The weights learned by the model implemented in Caffe have been directly converted (https://gist.github.com/baraldilorenzo/07d7802847aaad0a35d3) in tf.Keras and can be used by preloading them into the tf.Keras model, which is implemented below, as described in the paper:

import tensorflow as tf
from tensorflow.keras import layers, models
# define a VGG16 network
def VGG_16(weights_path=None):
    model = models.Sequential()
    model.add(layers.ZeroPadding2D((1,1),input_shape=(224,224, 3)))
    model.add(layers.Convolution2D(64, (3, 3), activation='relu'))
    model.add(layers.ZeroPadding2D((1,1)))
    model.add(layers.Convolution2D(64, (3, 3), activation='relu'))
    model.add(layers.MaxPooling2D((2,2), strides=(2,2)))
    model.add(layers.ZeroPadding2D((1,1)))
    model.add(layers.Convolution2D(128, (3, 3), activation='relu'))
    model.add(layers.ZeroPadding2D((1,1)))
    model.add(layers.Convolution2D(128, (3, 3), activation='relu'))
    model.add(layers.MaxPooling2D((2,2), strides=(2,2)))
    model.add(layers.ZeroPadding2D((1,1)))
    model.add(layers.Convolution2D(256, (3, 3), activation='relu'))
    model.add(layers.ZeroPadding2D((1,1)))
    model.add(layers.Convolution2D(256, (3, 3), activation='relu'))
    model.add(layers.ZeroPadding2D((1,1)))
    model.add(layers.Convolution2D(256, (3, 3), activation='relu'))
    model.add(layers.MaxPooling2D((2,2), strides=(2,2)))
    model.add(layers.ZeroPadding2D((1,1)))
    model.add(layers.Convolution2D(512, (3, 3), activation='relu'))
    model.add(layers.ZeroPadding2D((1,1)))
    model.add(layers.Convolution2D(512, (3, 3), activation='relu'))
    model.add(layers.ZeroPadding2D((1,1)))
    model.add(layers.Convolution2D(512, (3, 3), activation='relu'))
    model.add(layers.MaxPooling2D((2,2), strides=(2,2)))
    model.add(layers.ZeroPadding2D((1,1)))
    model.add(layers.Convolution2D(512, (3, 3), activation='relu'))
    model.add(layers.ZeroPadding2D((1,1)))
    model.add(layers.Convolution2D(512, (3, 3), activation='relu'))
    model.add(layers.ZeroPadding2D((1,1)))
    model.add(layers.Convolution2D(512, (3, 3), activation='relu'))
    model.add(layers.MaxPooling2D((2,2), strides=(2,2)))
    model.add(layers.Flatten())
    #top layer of the VGG net
    model.add(layers.Dense(4096, activation='relu'))
    model.add(layers.Dropout(0.5))
    model.add(layers.Dense(4096, activation='relu'))
    model.add(layers.Dropout(0.5))
    model.add(layers.Dense(1000, activation='softmax'))
    if weights_path:
        model.load_weights(weights_path)
    return model

We have implemented a VGG16 network.
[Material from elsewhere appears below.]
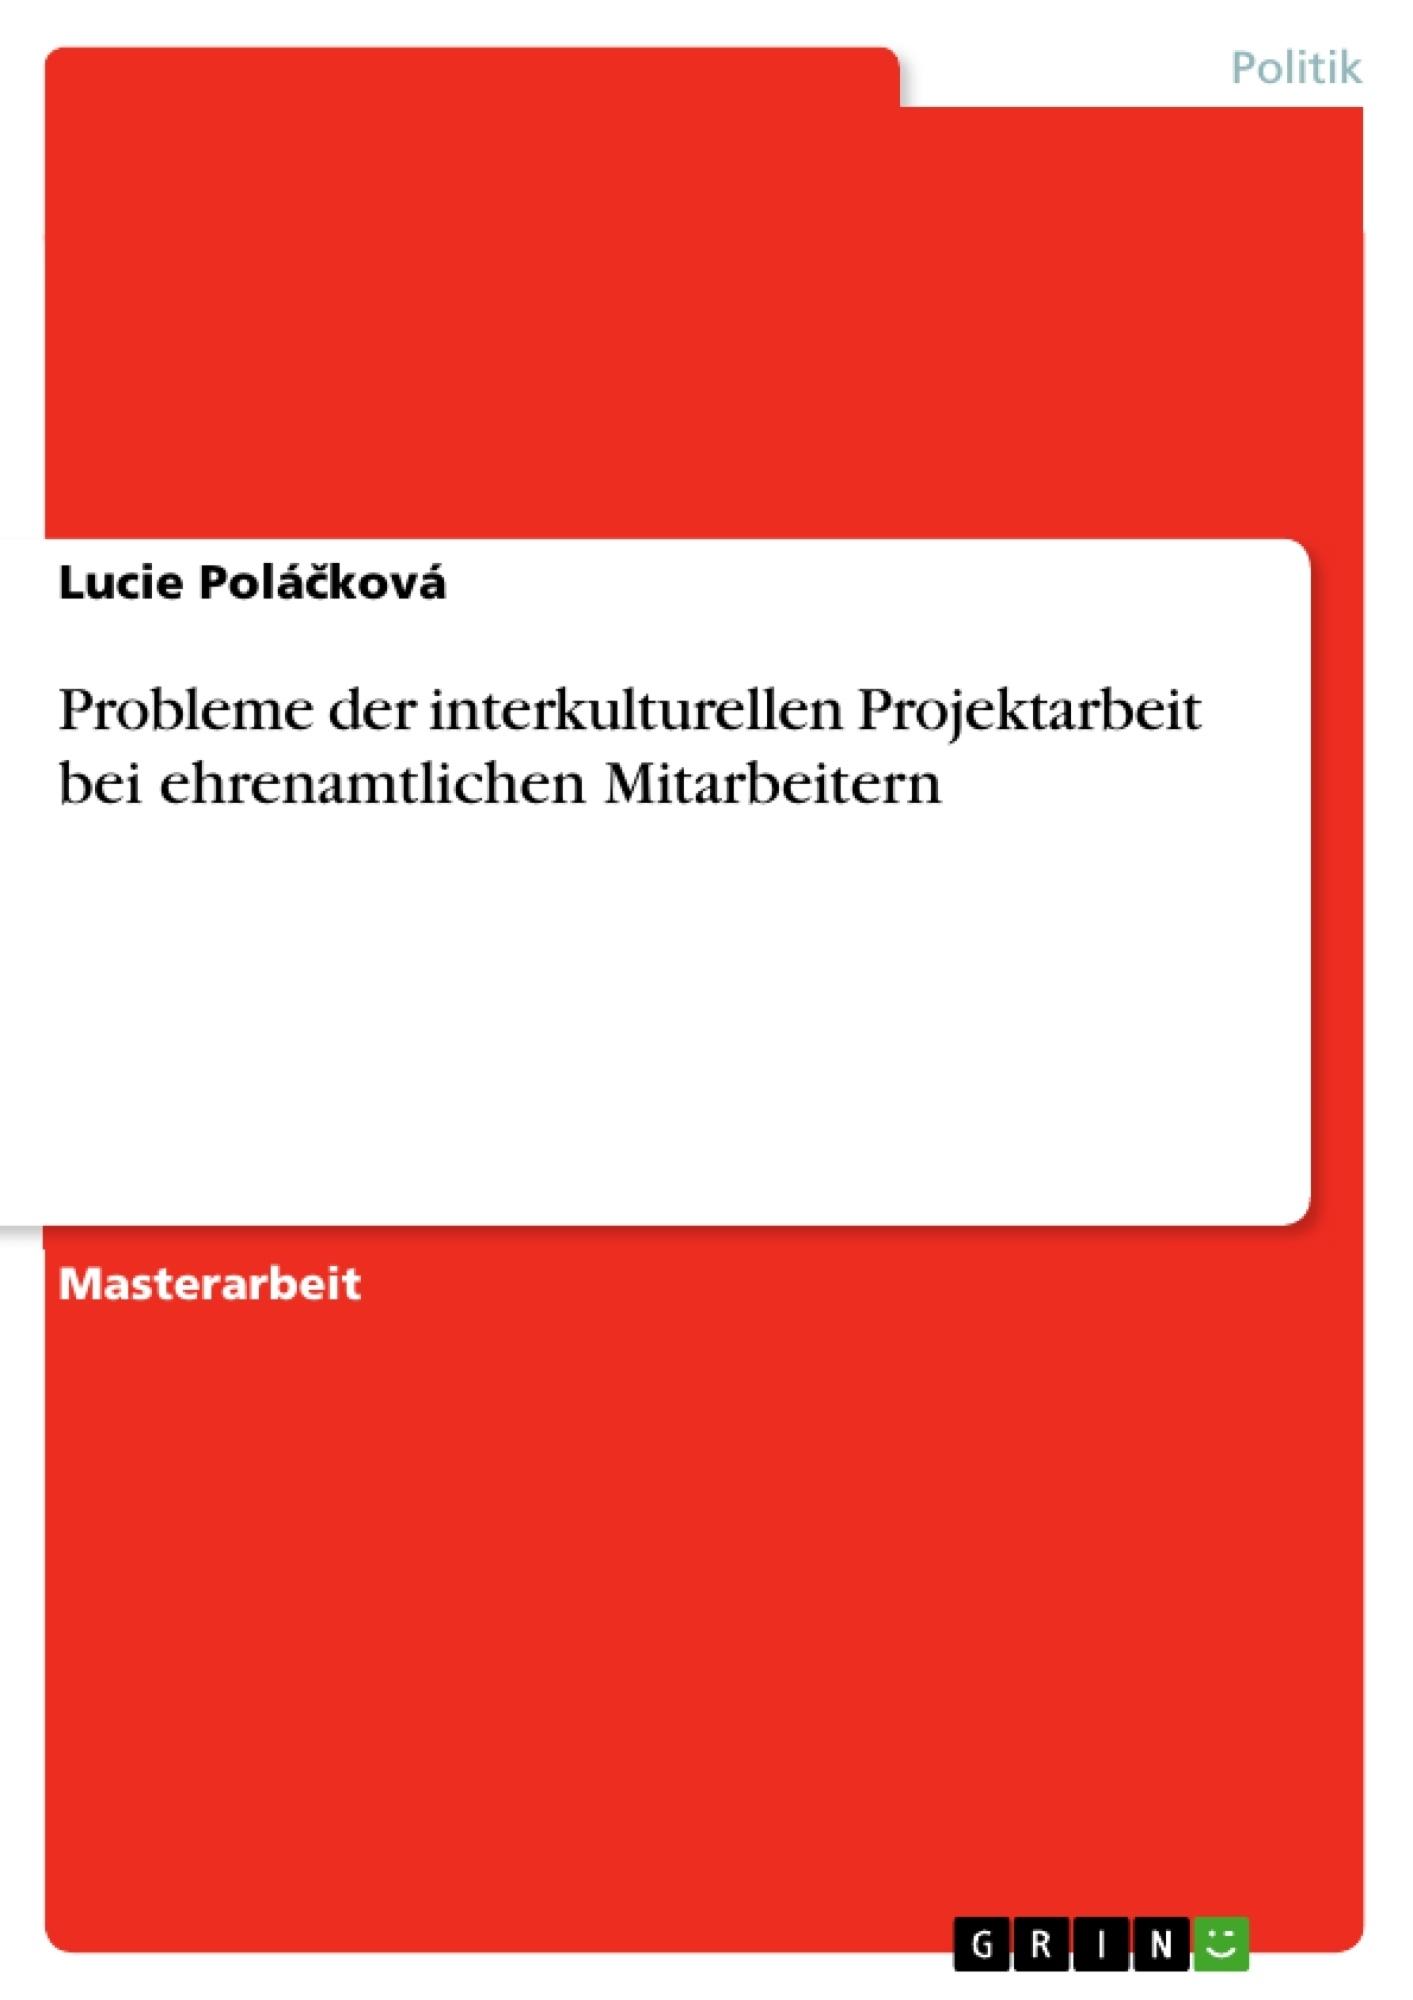 Titel: Probleme der interkulturellen Projektarbeit bei ehrenamtlichen Mitarbeitern

Note that we could also have used tf.keras.applications.vgg16. to get the model and its weights directly. Here, I wanted to show how VGG16 works internally. Next, we are going to utilize it.

Recognizing cats with a VGG16 network

Now let us test the image of a cat.jpg.

Note that we are going to use predefined weights:

import cv2
im = cv2.resize(cv2.imread('cat.jpg'), (224, 224)).astype(np.float32)
#im = im.transpose((2,0,1))
im = np.expand_dims(im, axis=0)
# Test pretrained model
model = VGG_16('/Users/antonio/.keras/models/vgg16_weights_tf_dim_ordering_tf_kernels.h5')
model.summary()
model.compile(optimizer='sgd', loss='categorical_crossentropy')
out = model.predict(im)
print(np.argmax(out))

When the code is executed, the class 285 is returned, which corresponds (see https://gist.github.com/yrevar/942d3a0ac09ec9e5eb3a) to “Egyptian cat”:

Total params: 138,357,544
Trainable params: 138,357,544
Non-trainable params: 0
---------------------------------------------------------------
285

Impressive, isn’t it? Our VGG16 network can successfully recognize images of cats! An important step for deep learning. It is only seven years since the paper in [4], but that was a game-changing moment.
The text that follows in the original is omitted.